Tidymodels Computing Supplement

Author

Max Kuhn

Published

2024-09-23

Preface

This is a computing supplement to the main website that uses the tidymodels framework for modeling. The structure is similar to the website, but the content here shows how to use this software (and sometimes others) for each topic.

We also want these materials to be reusable and open. The sources are in the source GitHub repository with a Creative Commons license attached (see below).

To cite this work, we suggest:

@online{aml4td.tidymodels,
  Author = {Kuhn, M and Johnson, K},
  title = {{Tidymodels Computing Supplement to Applied Machine Learning for Tabular Data}},
  year = {2023},
  url = { https://tidymodels.aml4td.org},
  urldate = {2024-09-23}
}

License

This work is licensed under CC BY-SA 4.0

Intended Audience

Readers should have used R before but do not have to be experts. If you are new to R, we suggest taking a look at R for Data Science.

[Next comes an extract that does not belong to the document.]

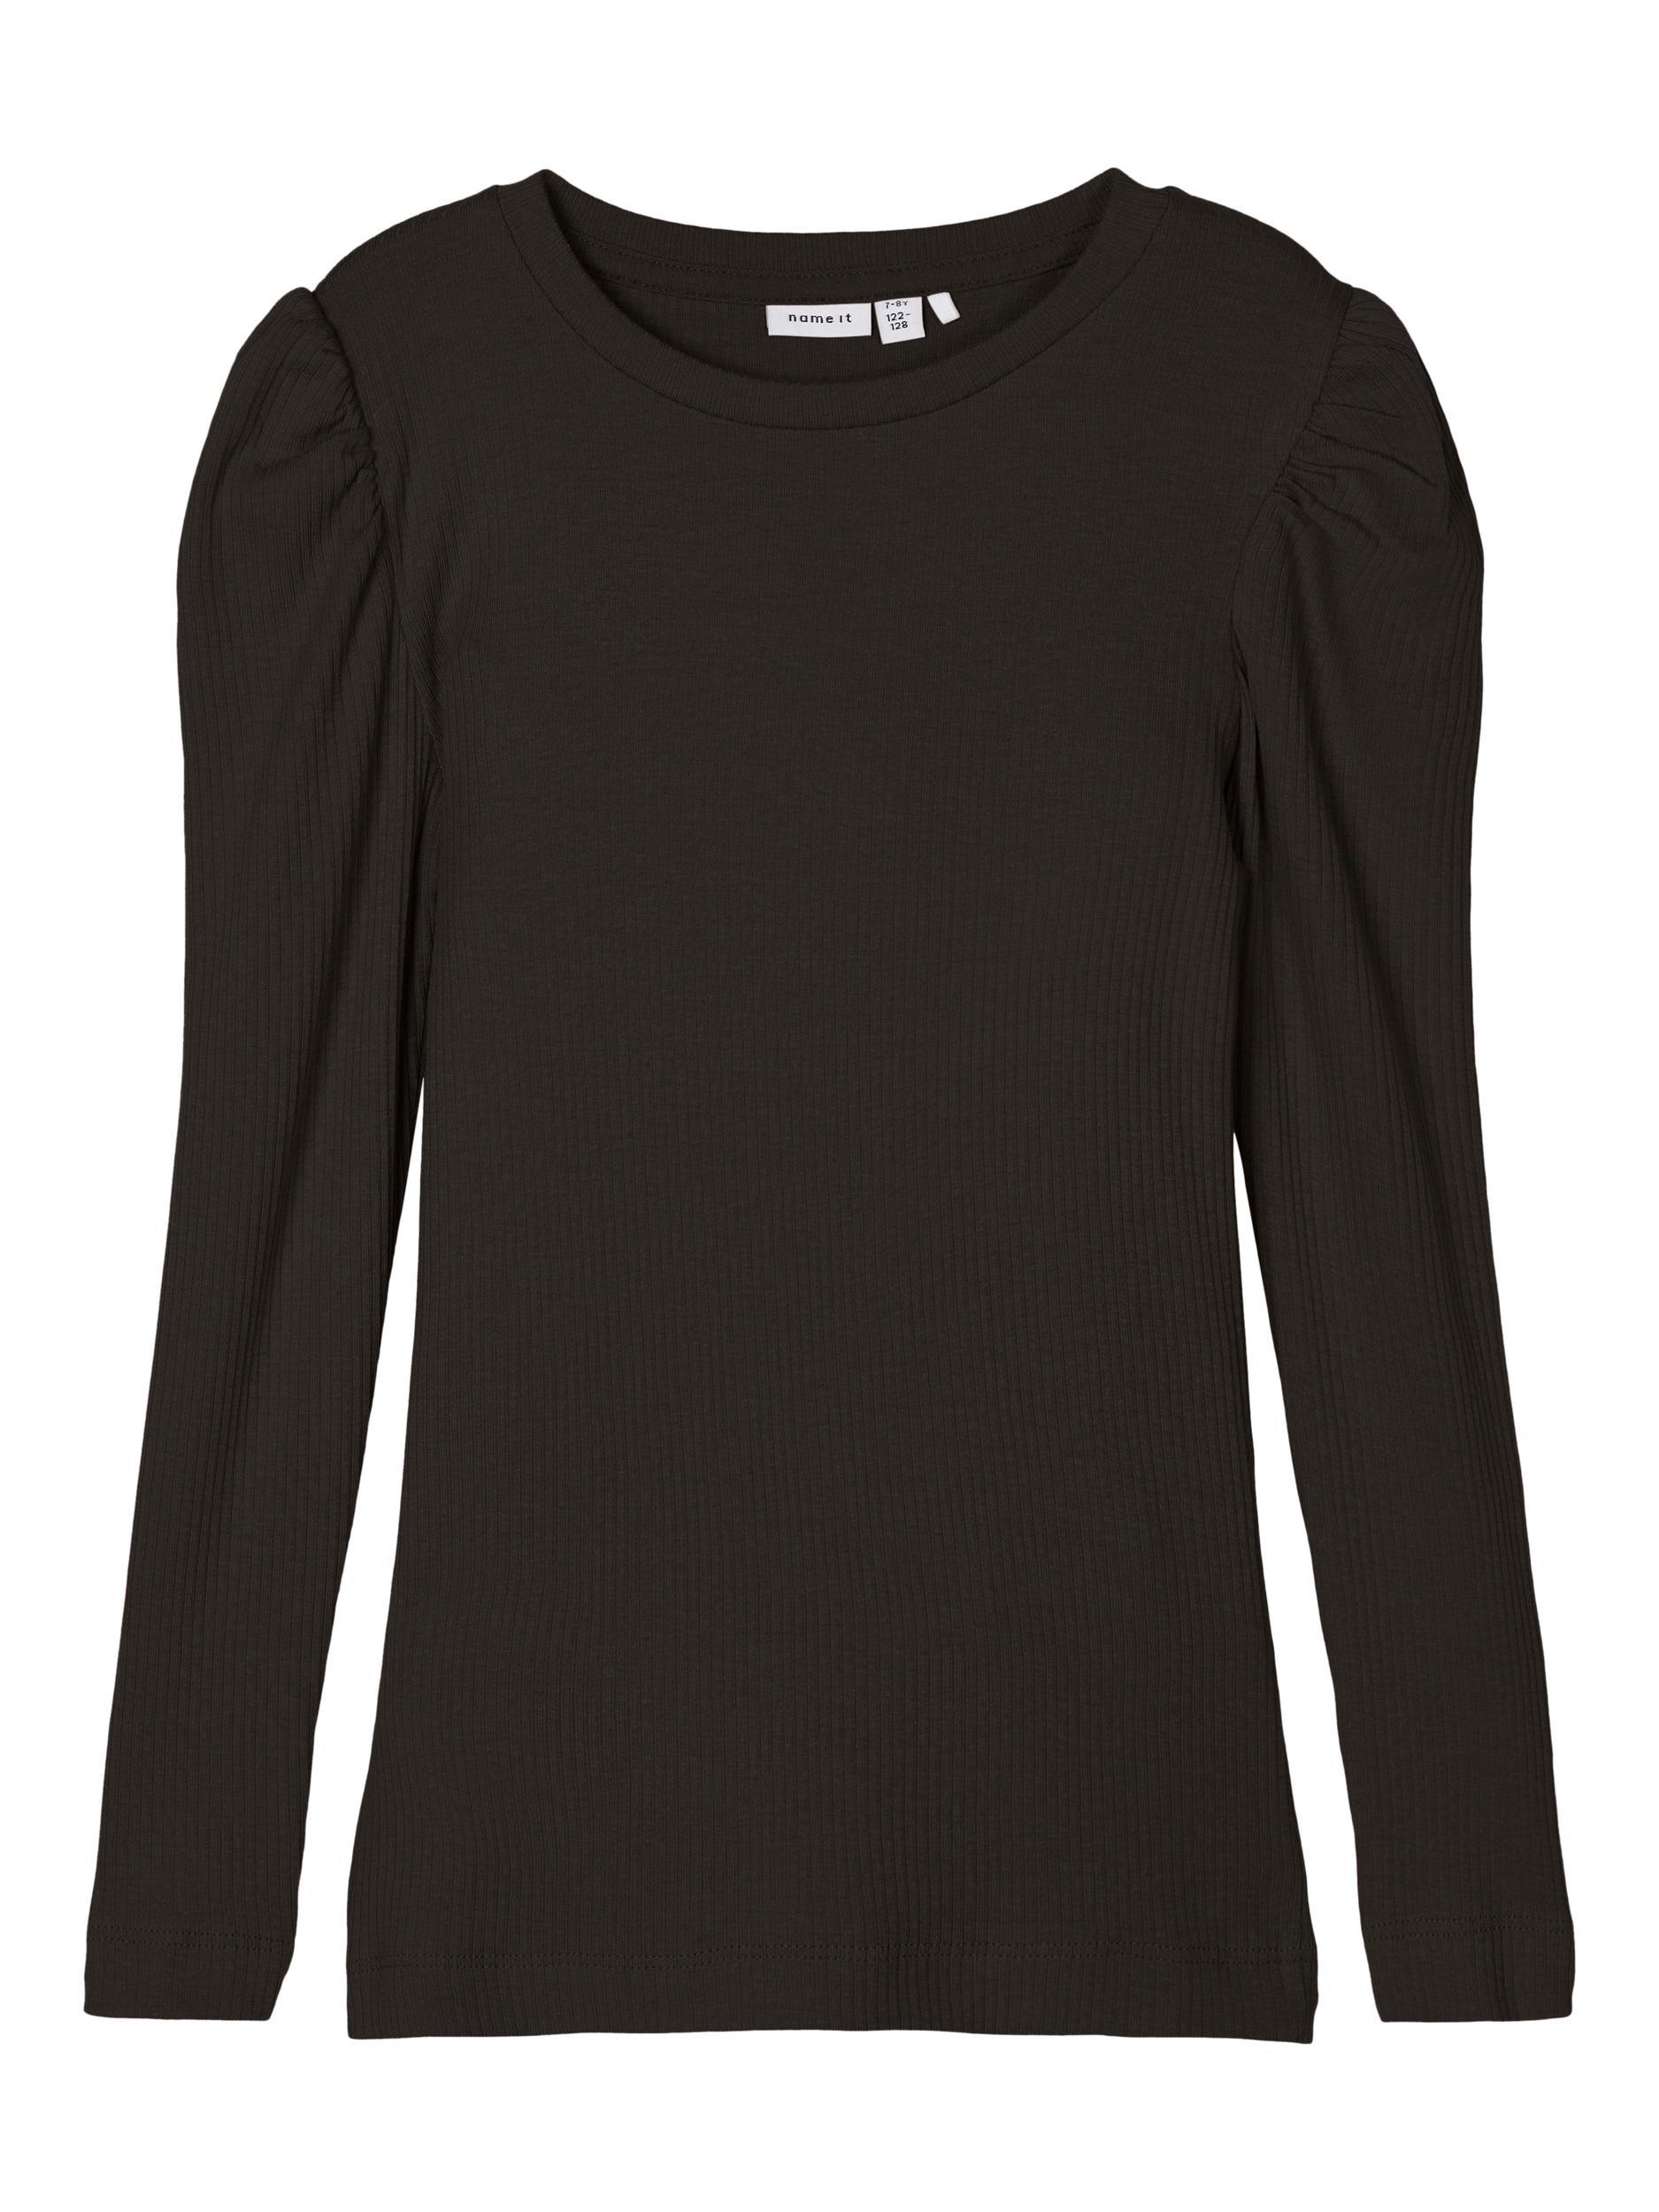 Name It Kabexi LS bluse, black, 146-152

You do not have to be a modeling expert either. We hope that you have used a linear or logistic regression before and understand basic statistical concepts such as correlation, variability, probabilities, etc.

How can I ask questions?

If you have questions about the content, it is probably best to ask on a public forum, like cross-validated or Posit Community. You’ll most likely get a faster answer there if you take the time to ask the questions in the best way possible.

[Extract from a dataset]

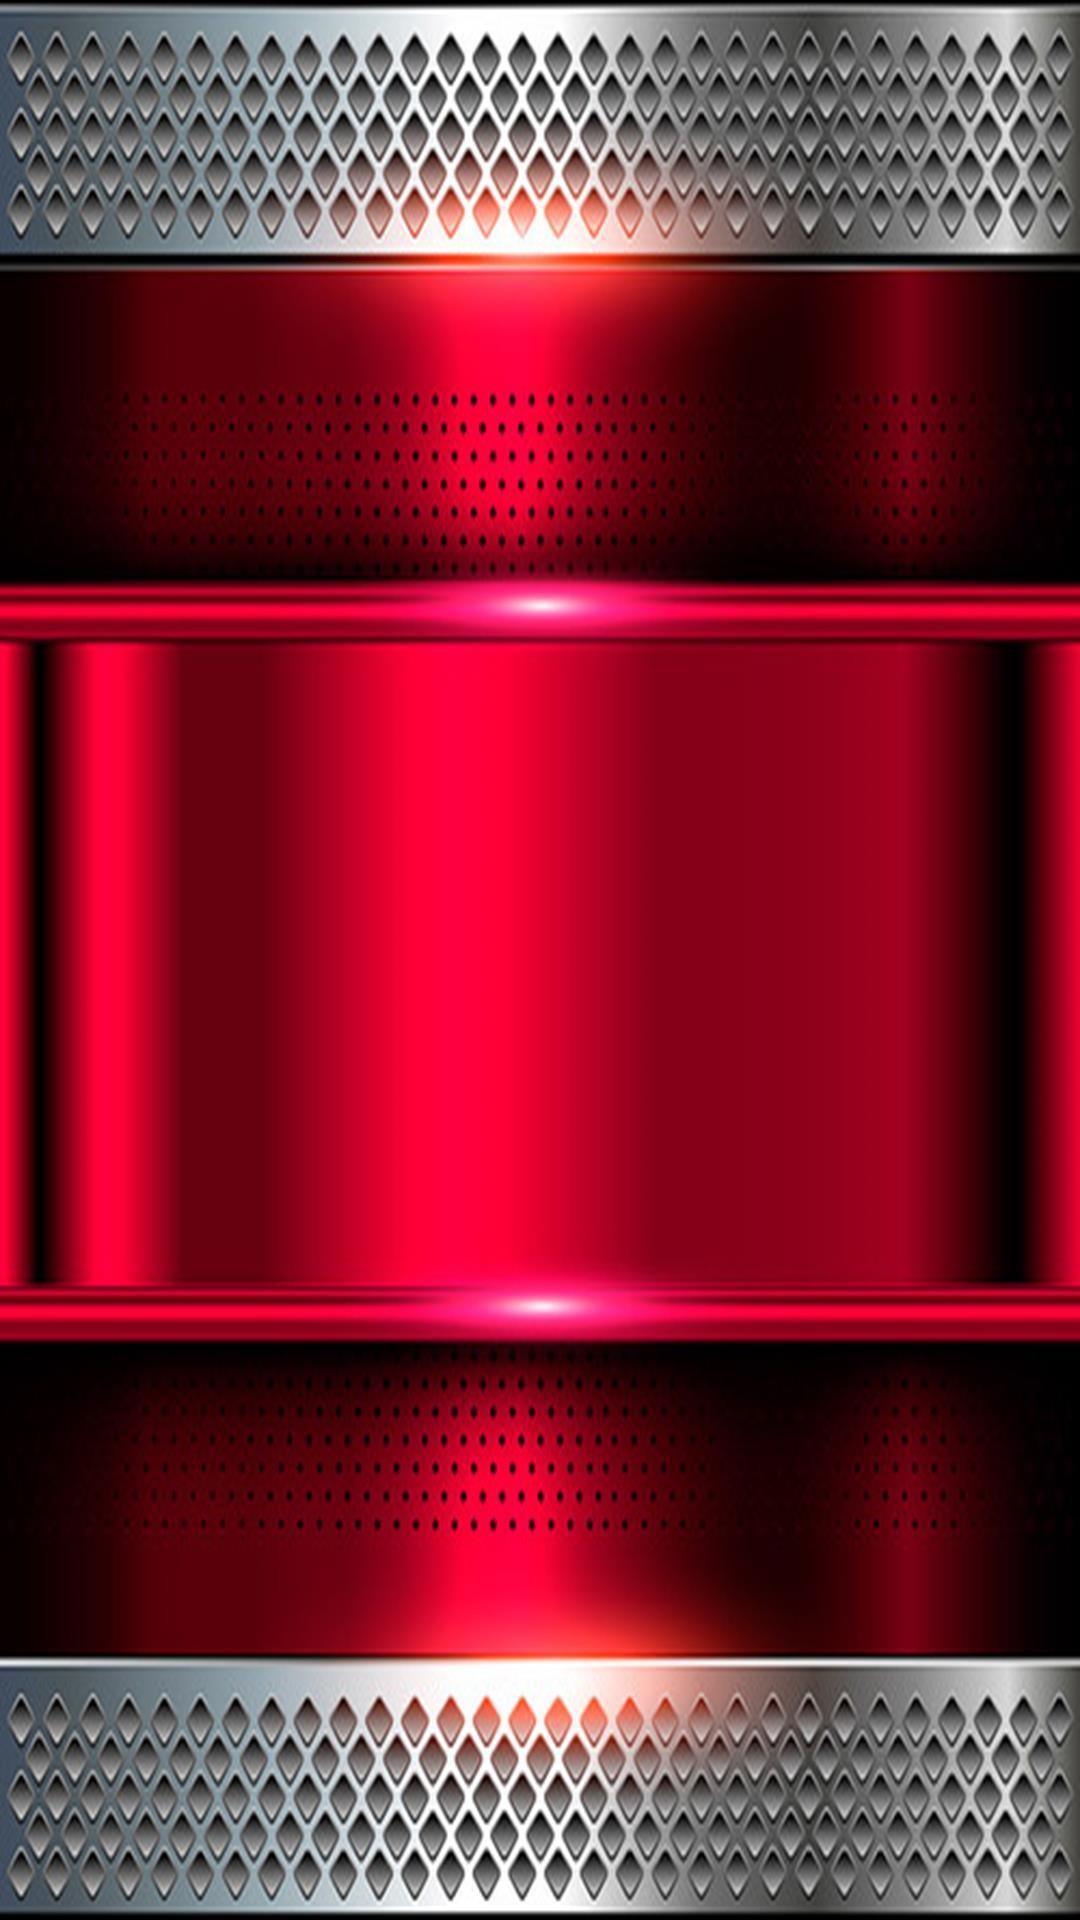 1080x1920 A Samsung Iphone Edge Phonetelefon 3d Wallpaper Shiny Metallic Red Chrome 1080x1920 Wallpaper Teahub Io

If you want a direct answer from us, you should follow what I call Yihui’s Rule: add an issue to GitHub (labeled as “Discussion”) first. It may take some time for us to get back to you.

If you think there is a bug, please file an issue.

Can I contribute?

There is a contributing page with details on how to get up and running to compile the materials (there are a lot of software dependencies) and suggestions on how to help.

If you just want to fix a typo, you can make a pull request to alter the appropriate .qmd file.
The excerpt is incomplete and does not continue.